--- TASK STATEMENT ---
Lines below starting with the line with "B2091 Swing Handles - with Rod Control" and going on through the line with "Board Of Directors" must be output exactly; the rest of the records must be left out.

--- GIVEN DATA ---
▼▼▼

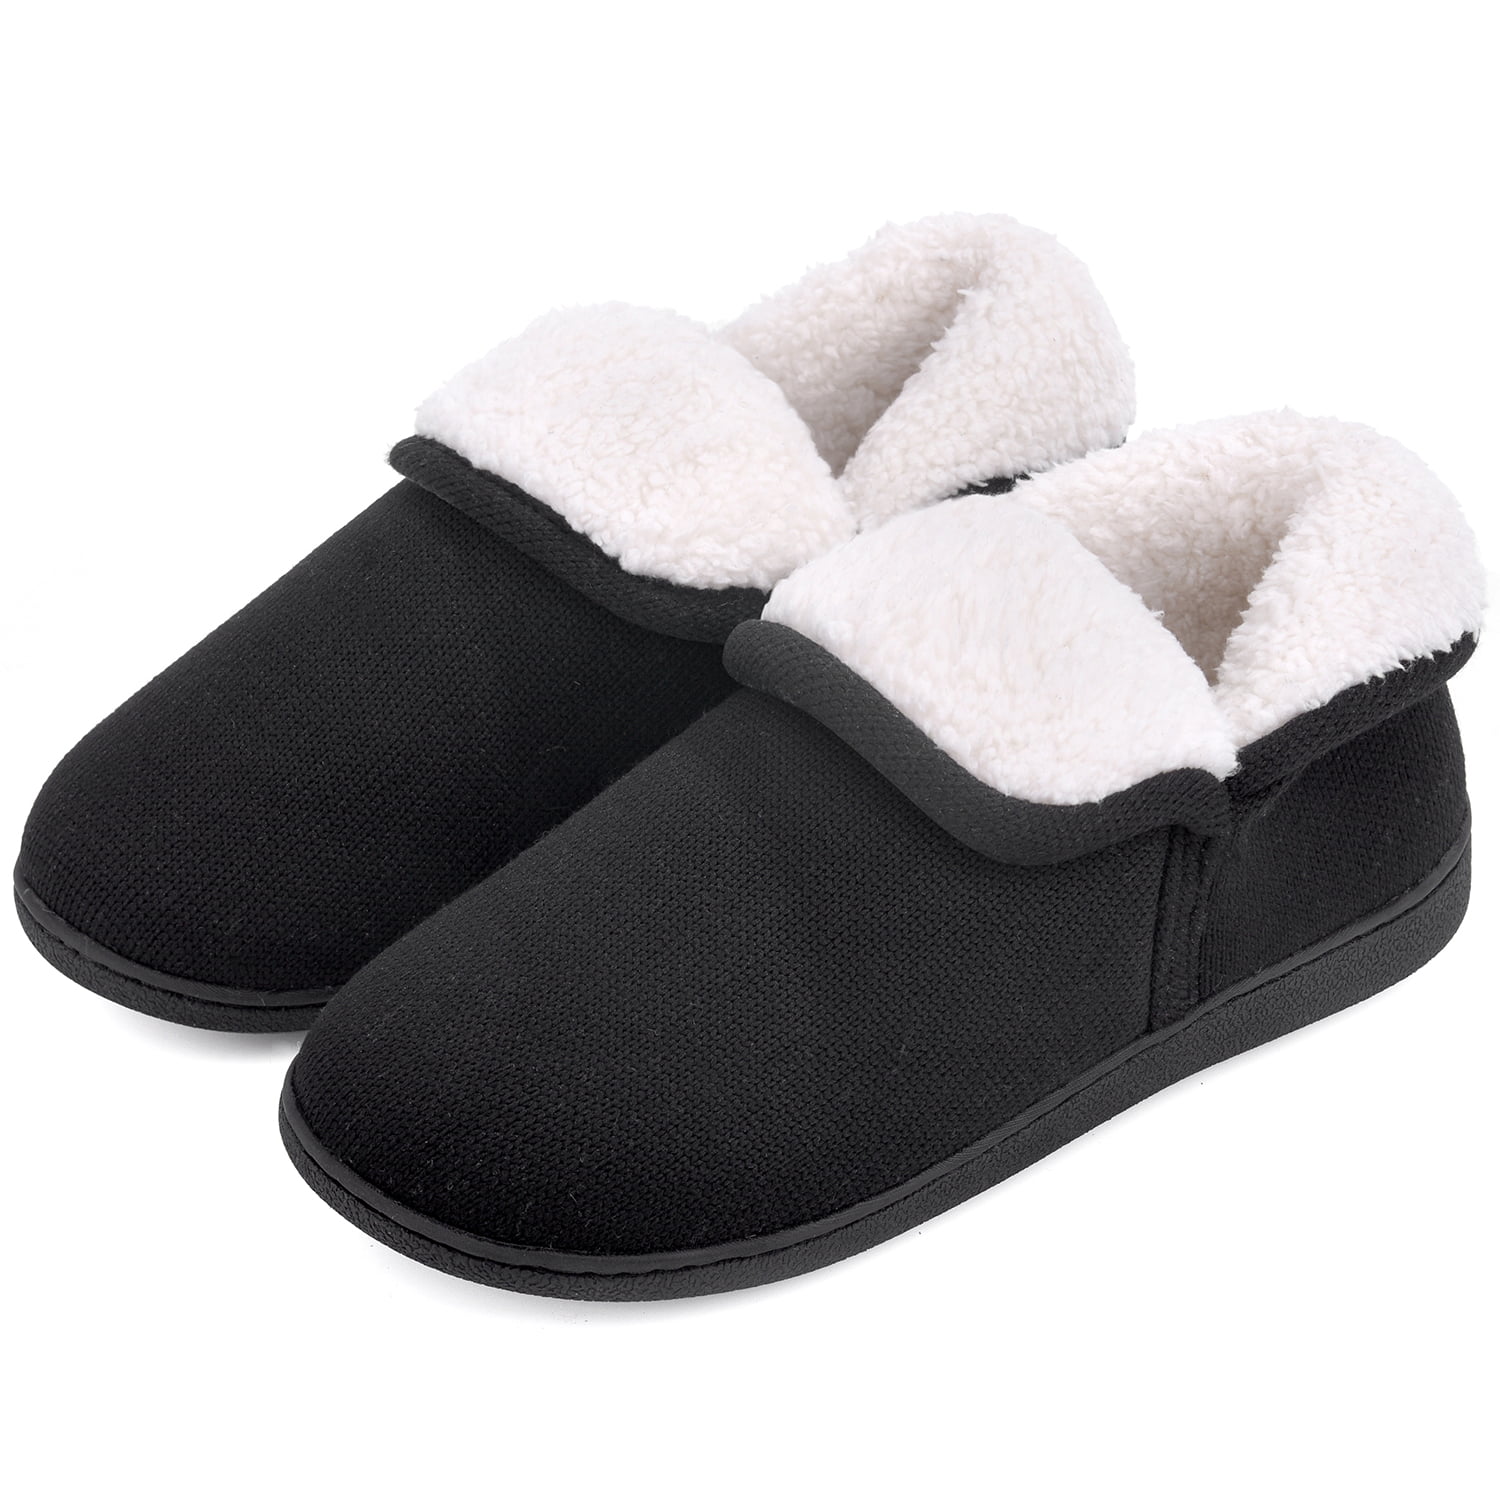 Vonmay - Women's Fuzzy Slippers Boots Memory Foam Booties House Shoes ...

▲▲▲
▼▼▼

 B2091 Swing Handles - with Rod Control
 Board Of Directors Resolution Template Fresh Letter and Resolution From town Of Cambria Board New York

▲▲▲

--- EXERCISE ANSWER ---
 B2091 Swing Handles - with Rod Control
 Board Of Directors Resolution Template Fresh Letter and Resolution From town Of Cambria Board New York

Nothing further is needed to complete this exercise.